My Absolute Darling de Gabriel Tallent
24/09/2019
On a tellement entendu parler de ce bouquin qu'au final on sait déjà tous plus ou moins de quoi il retourne : Une fille de quatorze ans, Julia dite Turtle ou Croquette, vit dans une réclusion sociale quasi totale, exceptions faites de ces journées passées au collège où elle ne parle à personne et déteste tout le monde et de cette relation ô combien malsaine avec un père intelligent, torturé et complètement givré. Son quotidien, en dehors de l'école, est fait, en vrac, de parties de cartes avec son grand-père alcoolique, de défis divers et violents où les armes tiennent une place prépondérante et de longues balades dans la nature, seule, où la végétation californienne en met plein les yeux au lecteur. C'est pas loin de ressembler à un trip survivaliste - parce que, mine de rien, Turtle est une championne de la vie en forêt pieds nus - mais un trip survivaliste qui aurait mal tourné point de vue équilibre mental des protagonistes. Sauf que Turtle commence à avoir l'âge de se rendre compte qu'un truc cloche. Elle voue toujours une admiration et un amour sans mesure à ce père despotique et pervers qui bat le froid et le chaud avec elle, mais elle sait, elle sent que quelque chose ne tourne pas rond. Dans un de ces moments de conflits intérieurs sourds et diffus, elle part marcher et ne s'arrête plus, jusqu'à rencontrer deux autres ados perdus en randonnée. Elle comprend que ce n'est pas une bonne idée de les aider et pourtant, c'est ce qu'elle choisit de faire.

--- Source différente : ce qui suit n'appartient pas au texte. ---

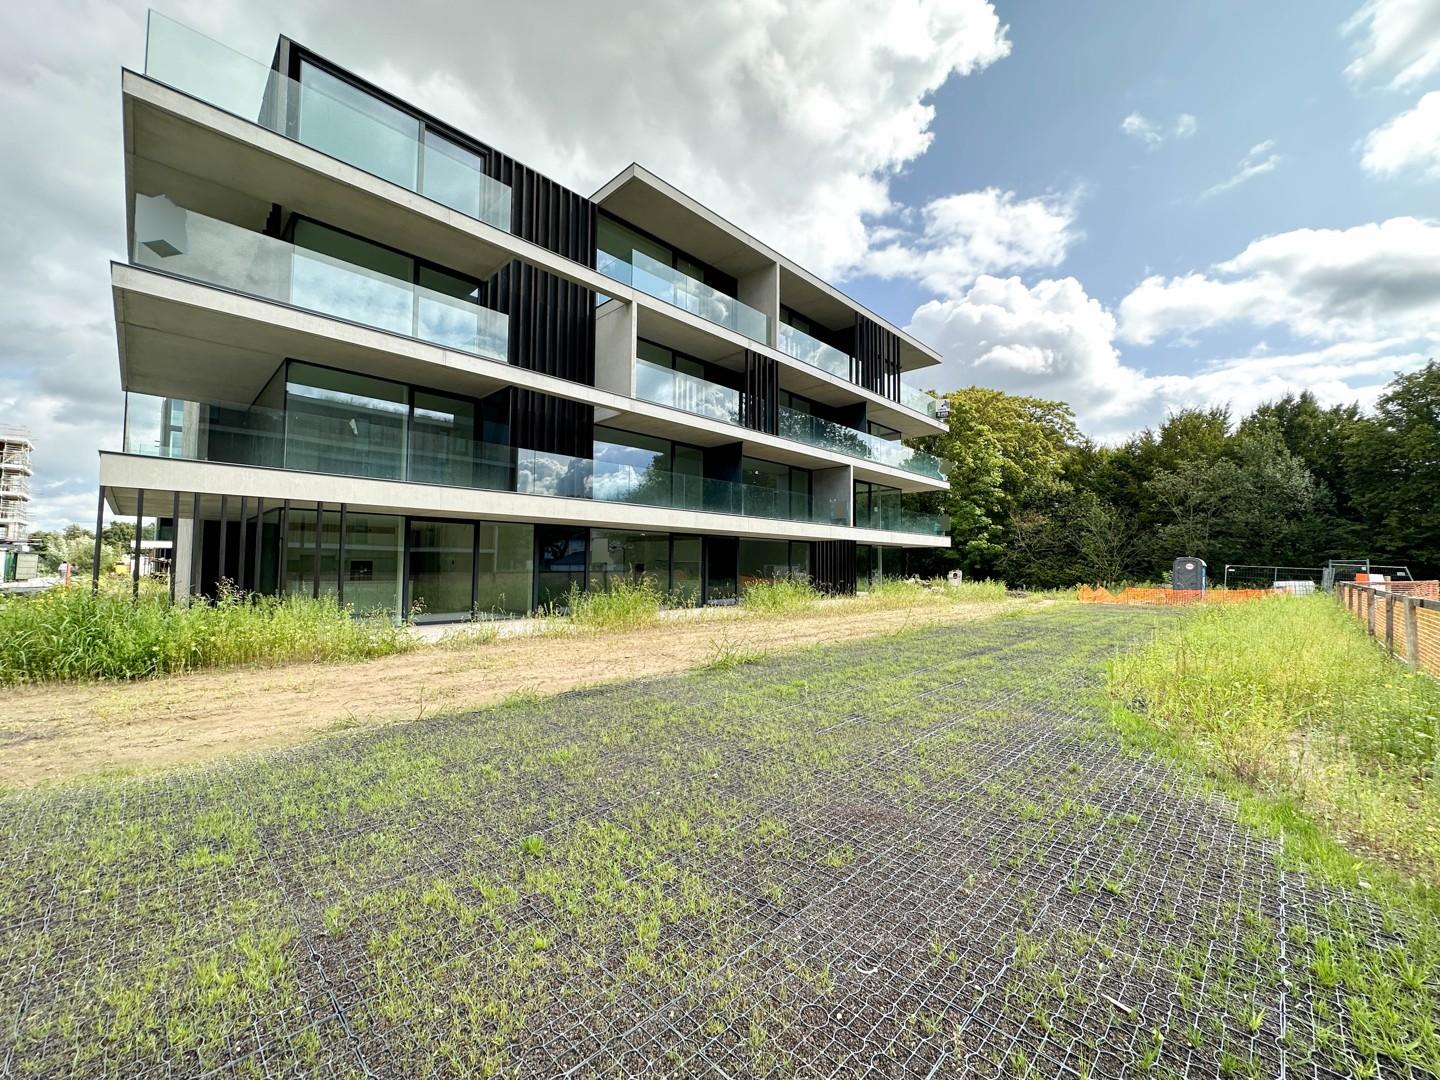 Energiebewust nieuwbouwappartement met 2 slaapkamers, terras en garage in de groene omgeving van Izegem!

Turtle veut y aller, elle aussi, s'élancer. Elle veut couvrir du terrain. Partir, fuir dans les bois reviendrait à ouvrir le barillet de sa vie, à le faire tourner et à le refermer. Elle a promis à Martin, promis, et promis et promis encore. Il ne peut pas risquer de la perdre et, pense Turtle, ça n'arrivera pas. Elle ne sais pas tout au sujet de ces bois mais elle en sait suffisamment. Elle se tient enveloppée dans ce terrain ouvert, le regard plongé dans la forêt, et elle pense, Et merde, et merde.

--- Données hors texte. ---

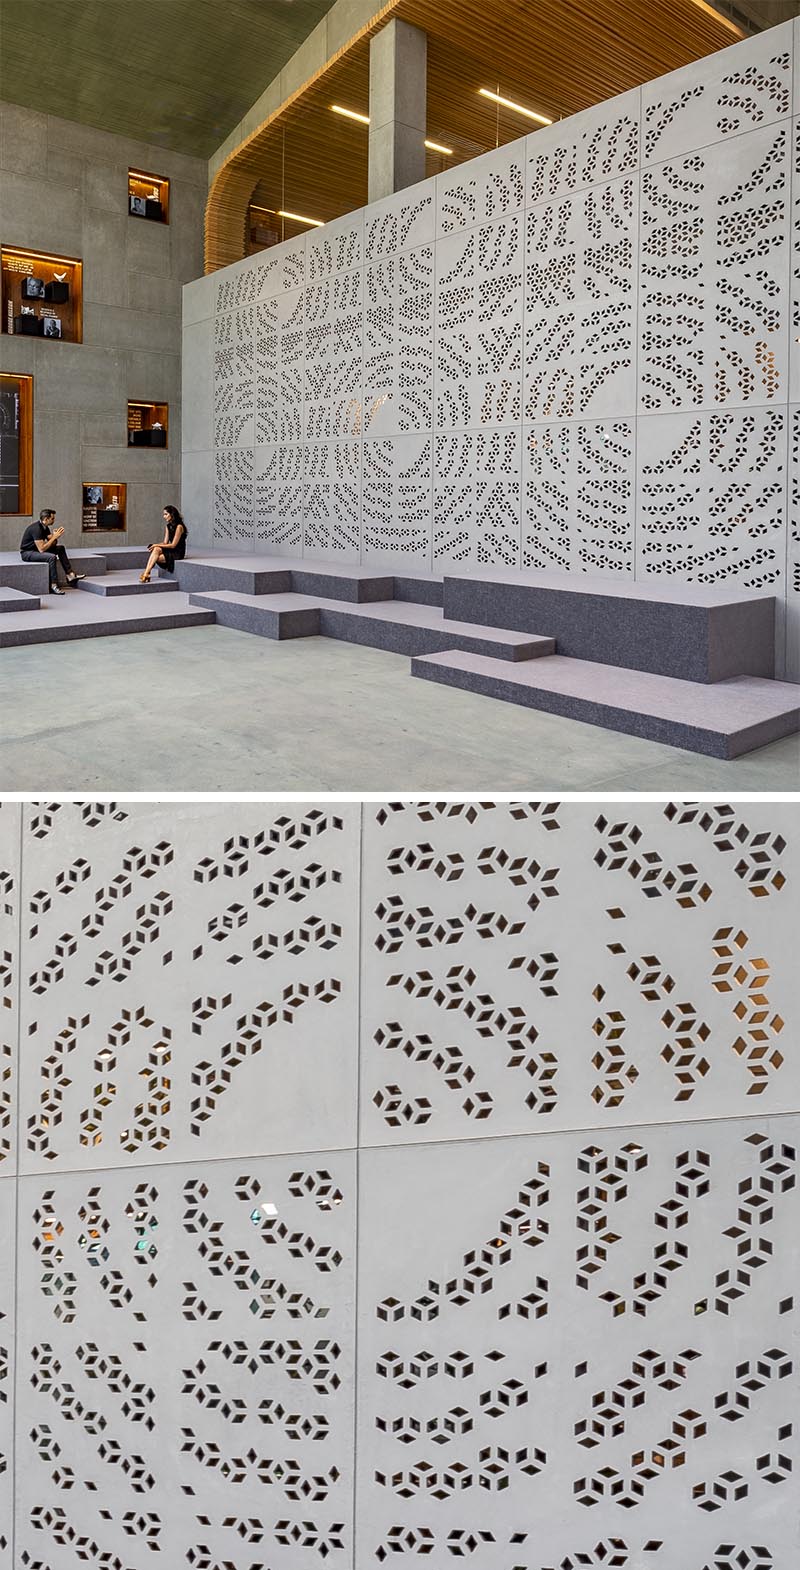 Большая стена, расположенная в просторном вестибюле, украшена геометрическими перфорациями, создающими общий круговой узор. #OfficeDesign # WorkplaceDesign #ArtisticWall # Перфорированная стена

Arrivée à ce stade-là du roman, c'est-à-dire au tiers environ, je faisais encore la maline. Je trouvais, somme toute, que ce n'était pas si décapant que ce que j'avais pu imaginer en lisant bien des chroniques ici ou là. Le propos est évidemment terrible - je vois mal comment on pourrait dire autre chose de la maltraitance infantile en générale et de l'inceste en particulier - mais je m'attendais à pire, voilà tout. C'est un peu le lot d'arriver après la bataille d'un roman à gros succès dans la presse et sur les blogs : on a beaucoup lu à son sujet et donc on nourrit certaines attentes. Je n'en étais pas désappointée pour autant mais disons que je suis restée longtemps dans l'expectative, ayant l'impression que le couperet n'était pas encore tombé - et j'avais raison. Je me rappelais même certains avis tièdes voire déçus et j'en comprenais certains éléments : les personnages ne sont clairement pas aimables, par exemple, même/surtout Turtle - ce qui, me concernant, n'est dérangeant en aucune façon. Je n'éprouve aucun besoin de m'attacher aux personnages pour apprécier un texte si le style est de qualité et l'histoire intelligente. D'autant que, pour le coup, je trouve les personnages principaux, ce duo père/fille malsain, extrêmement convaincants, profonds et ambivalents à souhait.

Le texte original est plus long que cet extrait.